Her yeni yıla giriş olumsuzlukların sıfırlanacağı, kötülüklerin yok olacağı hissiyatını verir bize. Sanki sihirli bir değnek değecek beklediğimiz tüm güzellikler bizi hemen bulacak gibi düşünürüz. İhtiyacımız olan para, aradığımız aşk, peşine düştüğümüz sağlık, huzur, neşe gibi hayalini kurduğumuz ne varsa talep olarak yeni yıla yükleriz. Halbuki bir önceki yıl içinde aynı beklentilere girip gidişini büyük bir sevinçle karşılayan biz değilmişiz gibi. Yeni yıla girerken kararlar almak, isteklerimizi kağıda yazmak gibi ritüeller ise çok eskilere Antik Yunan’ a kadar dayanıyor. O dönemlerde senenin ilk ayı başlangıç ve bitişlerin tanrısı olarak kabul edilen Janus’a adanırmış. İnsanlar iyi olacaklarına dair söz verirlermiş. Bizlerde belki bu geleneğin devamı olarak yeni yıl için hep yeni kararlar almıyor muyuz? Spora başlayacağım, yeni bir dil öğreneceğim, işimi değiştireceğim gibi. Oysa bu kararların çoğundan Şubat ayında vazgeçmiş oluyoruz. Güzel hayalleri gerçekleştirmek ve bunu çevreye yaymak için daha çok çaba harcayacağımız bir yıla kavuşuruz umarım. İyi olmayı seçtiğimiz, iyilikte yarıştığımız bir yılı yaşarız dilerim.
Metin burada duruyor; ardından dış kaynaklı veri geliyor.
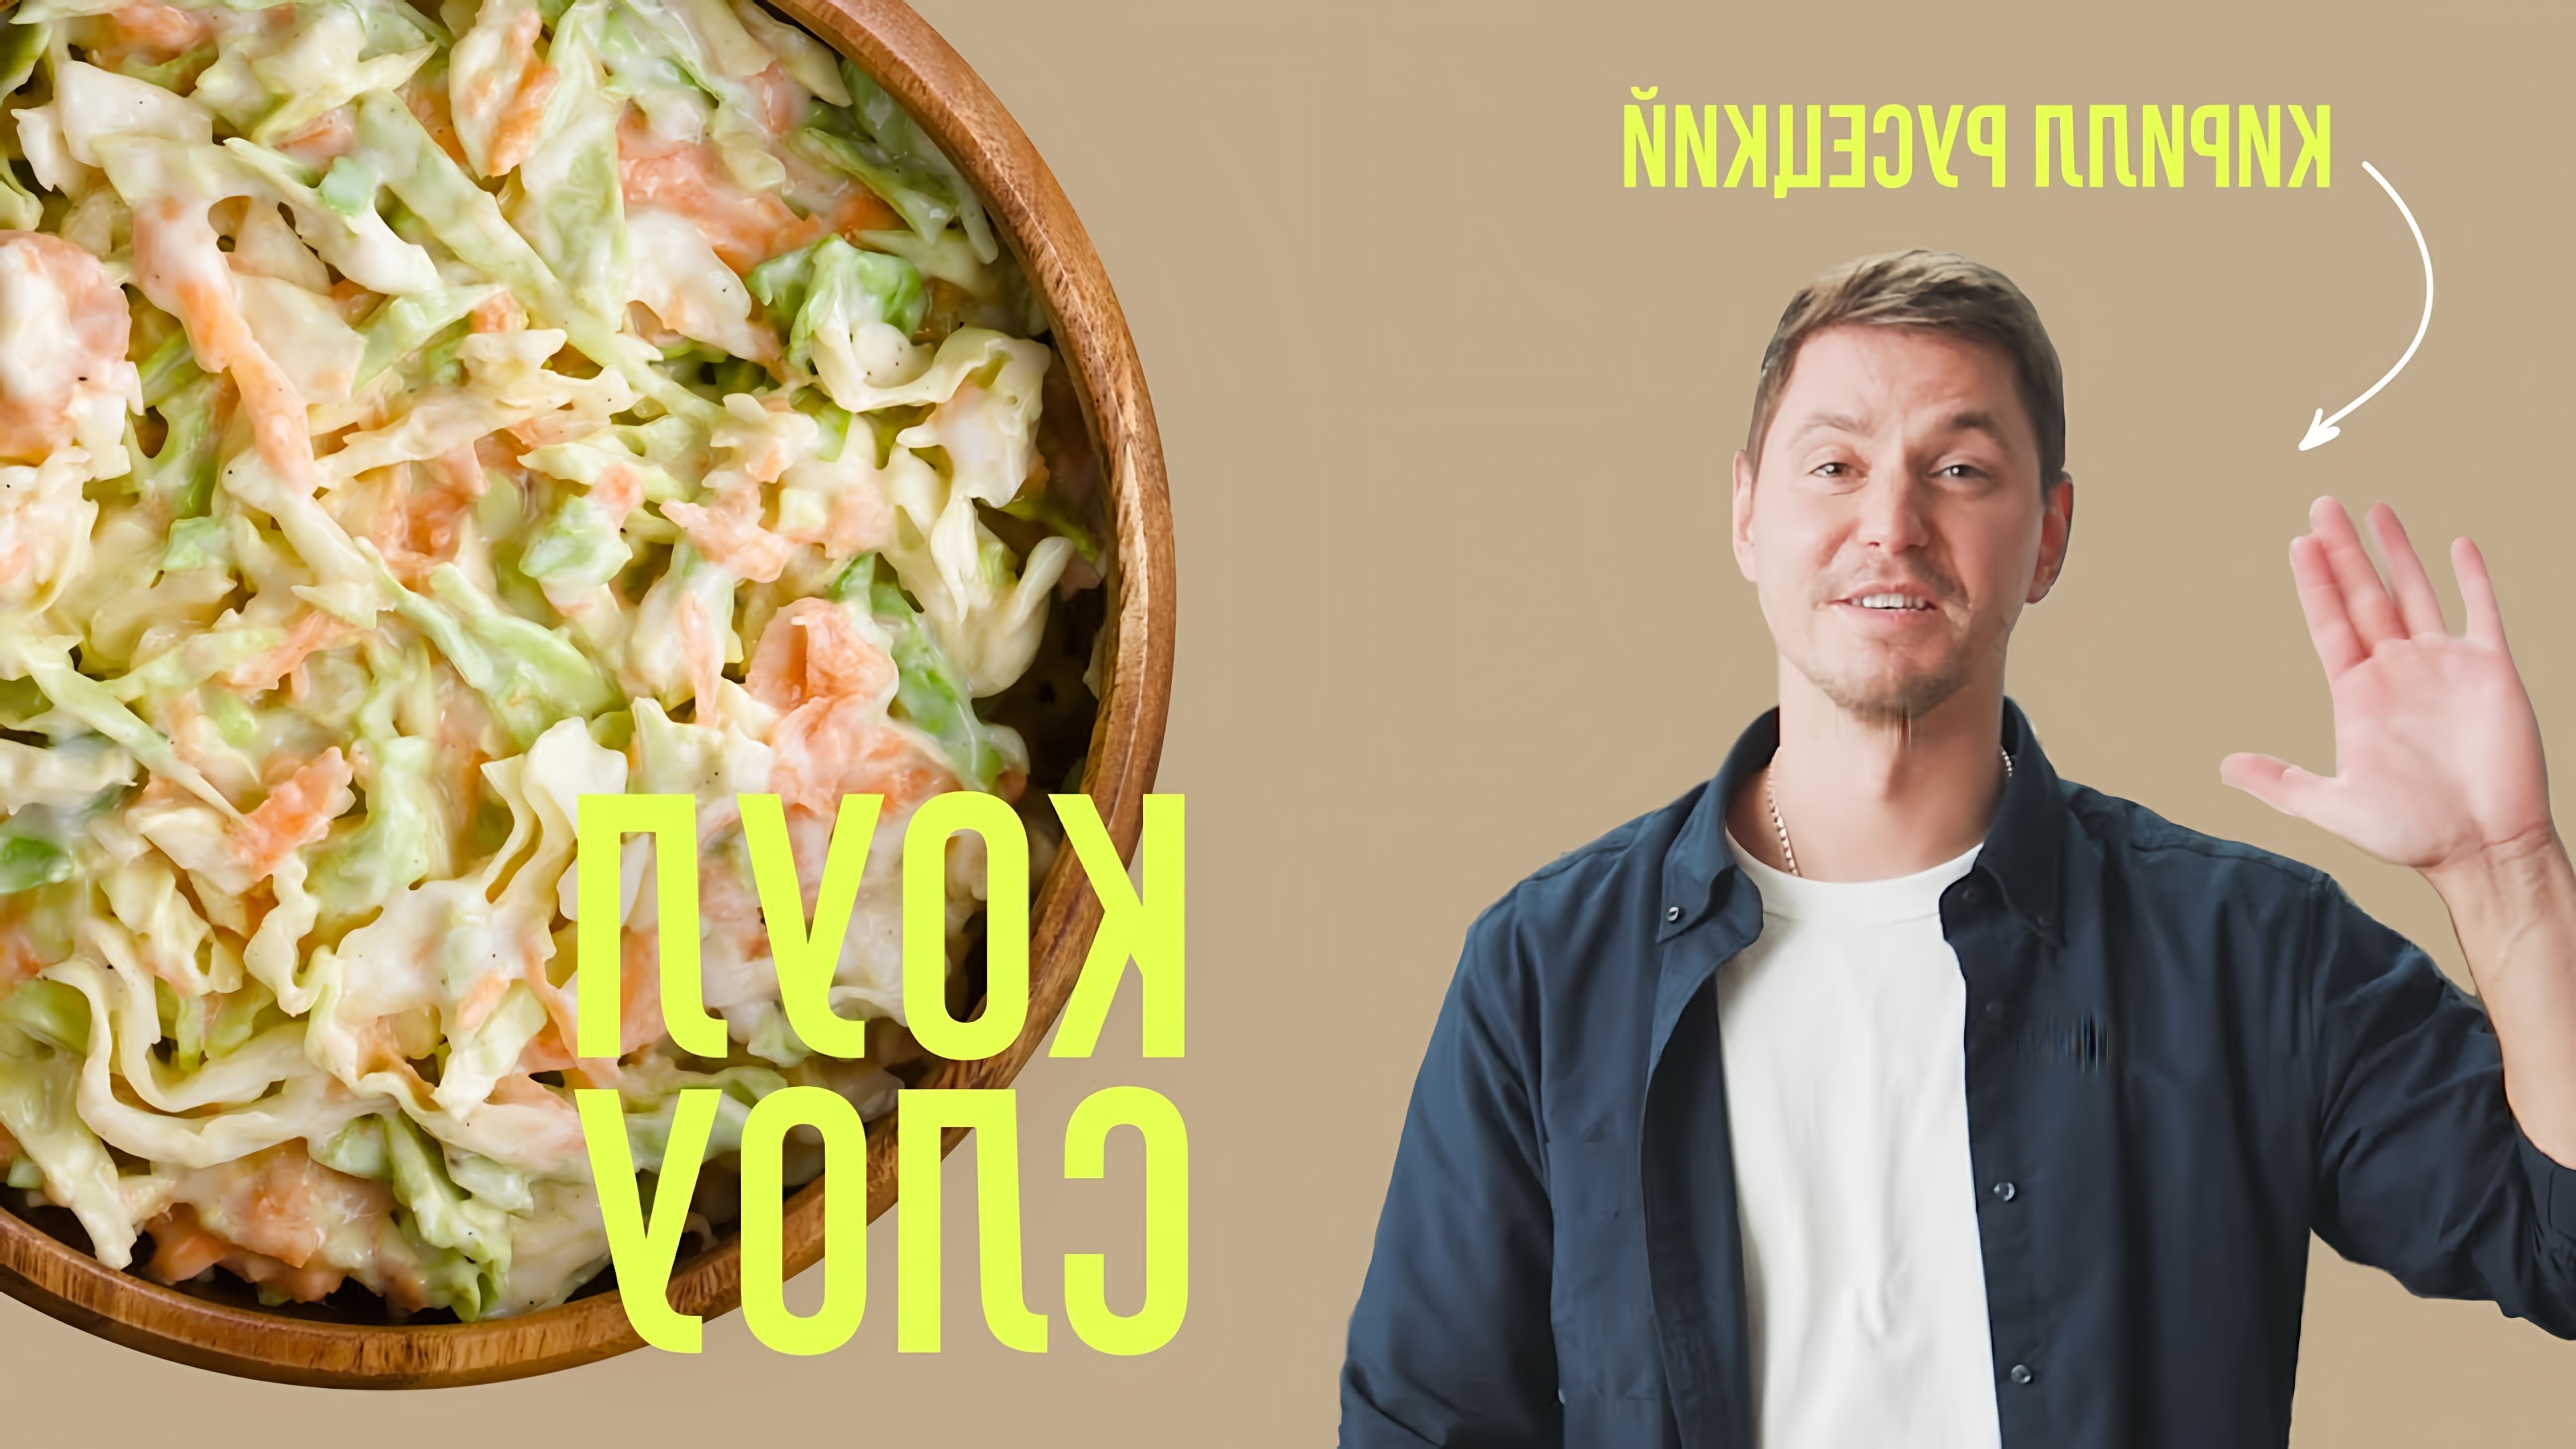 В этом видео шеф-повар Кирилл Русецкий показывает, как приготовить салат Коул Слоу, также известный как салат с капустой

Eski yılda ise kaybettiğimiz çok şey oldu. Yok yere canına kıyılan, nedeni –faili bulunamayan çocuklar öldürülen, tecavüze uğrayan kadınlar, iş cinayetleri, terör olayları, nedensiz savaşlar, canına kıyılan, acı verilen hayvanlar. Kaybedilen insanlıklar, vicdanlar, hoşgörüler…
Yeni yıl dilerim ki umutlar kazandırsın bize. Umut beraberinde isteği, azmi de getirir. Sonrasında ise mutlu olduğumuz ama kimseye de zarar vermediğimiz isteklerimize kavuşalım. Kinimiz, nefretimiz, kavgamız varsa hepsinin üstünü örtelim. İyi olalım, faydalı olalım. Güçlü olalım ama gücümüz bize onu hora kullanma isteği vermesin. Ne yapıyorsak iyiden, haklıdan, doğrudan yana yapalım.